_Given data_
Content starts

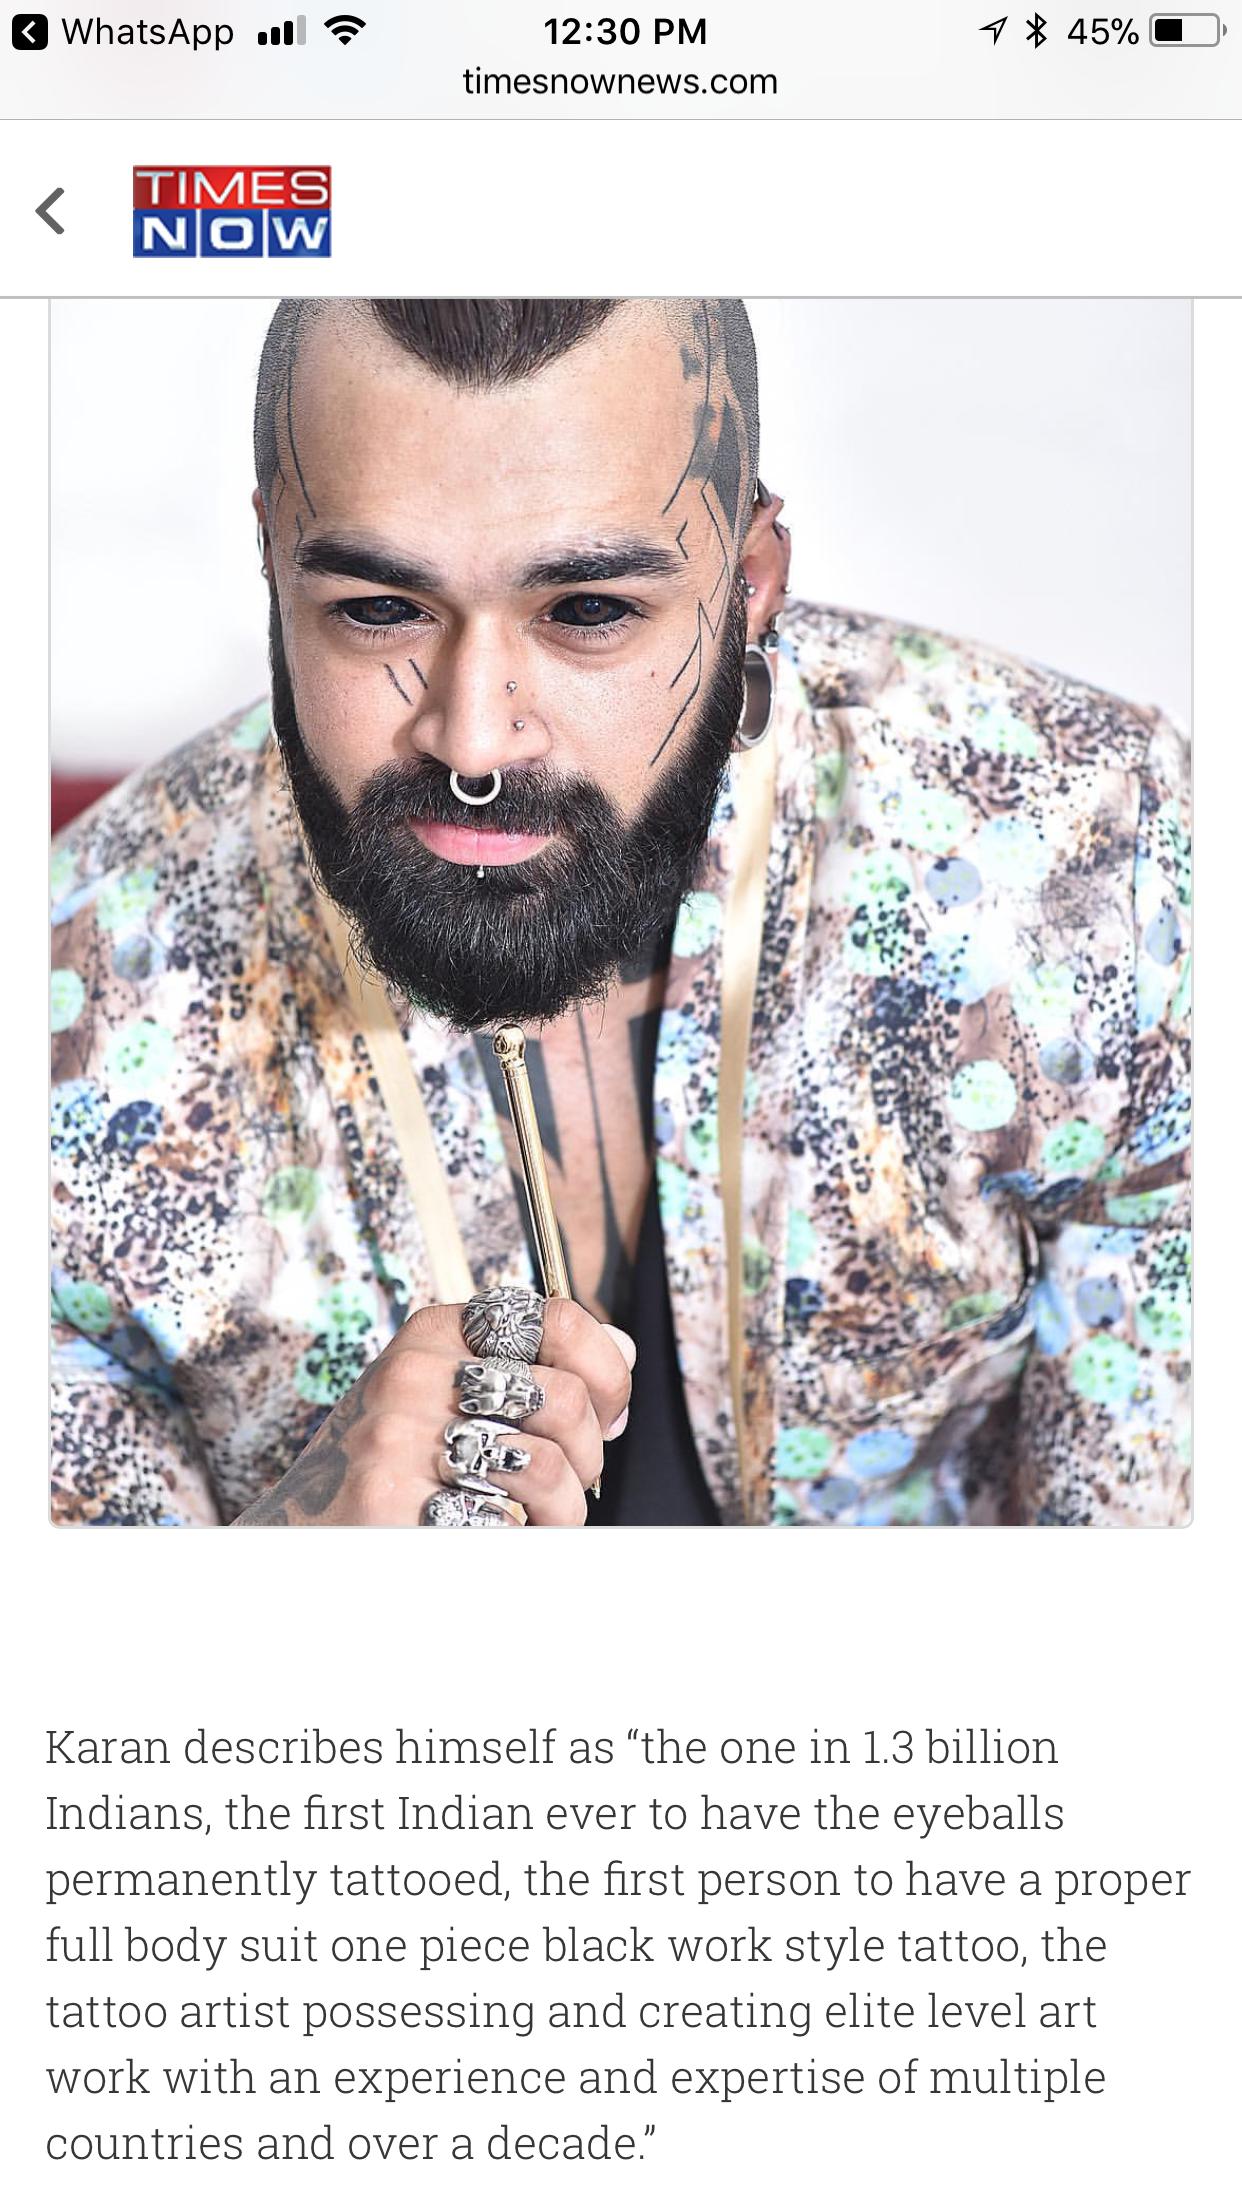 First Indian to get eye balls tattooed, Indian tattoo artist
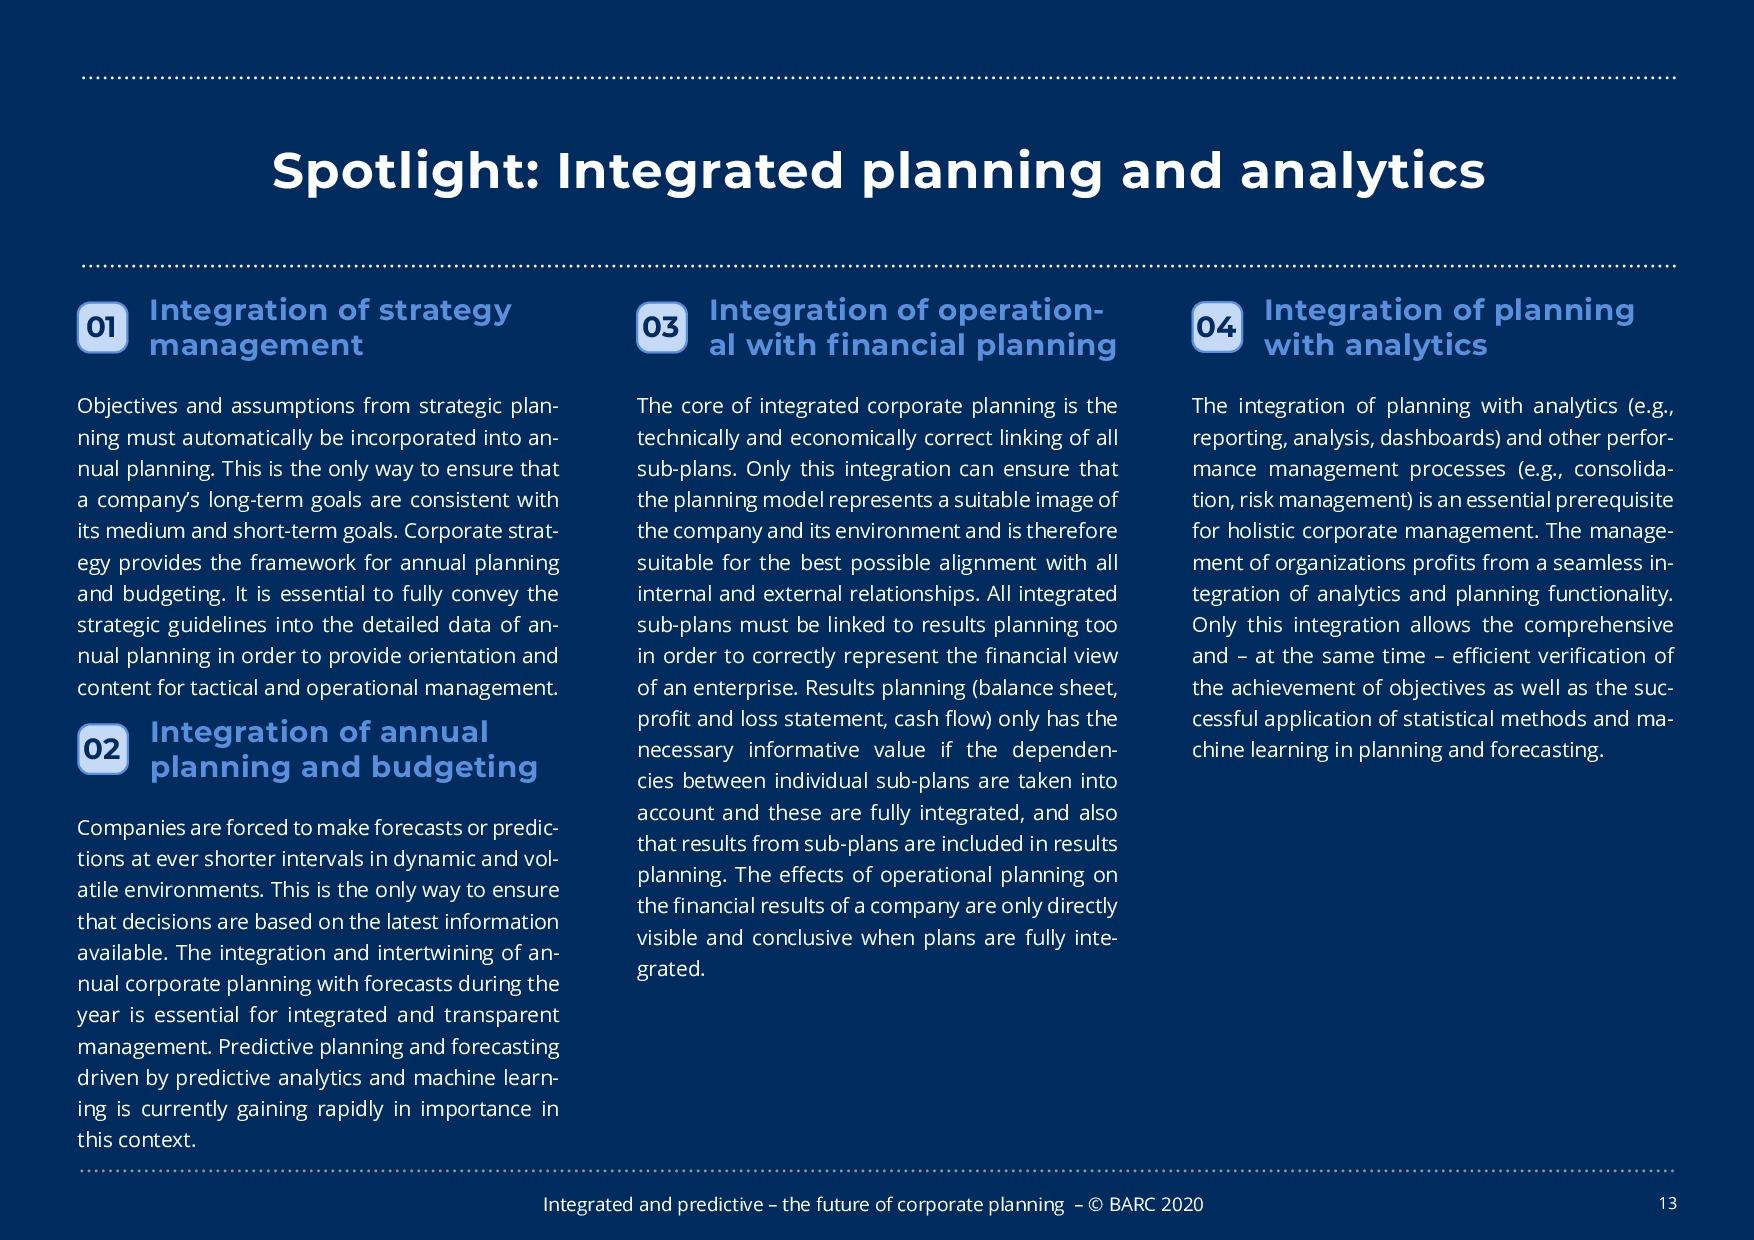 BARC – 統合と予測 – 経営計画の未来 | Page 13
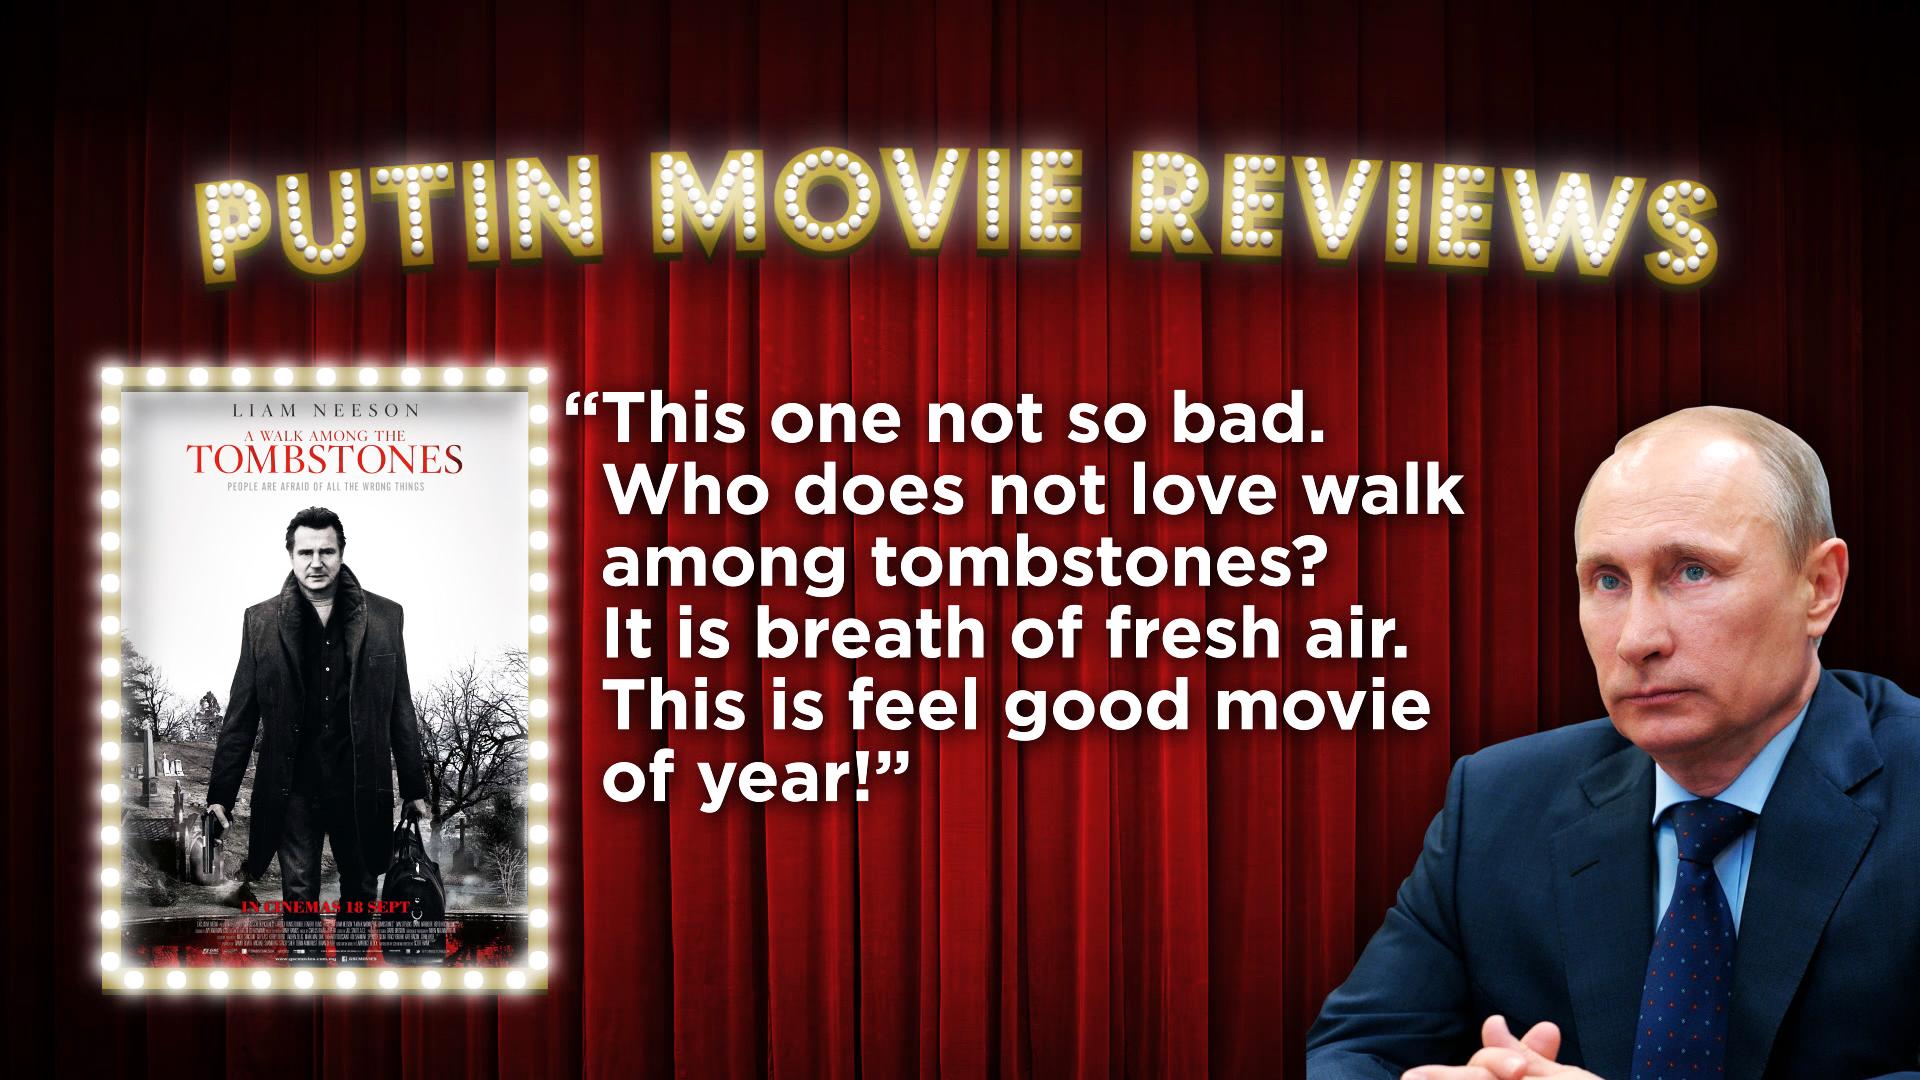 Movie content reviews

Content ends

_Work request_
Copy nothing but the lines from the one containing "BARC – 統合と予測 – 経営計画の未来 | Page 13" through the last line of the listing above, transcribed exactly and with no pictures.

_Answer section_
 BARC – 統合と予測 – 経営計画の未来 | Page 13
 Movie content reviews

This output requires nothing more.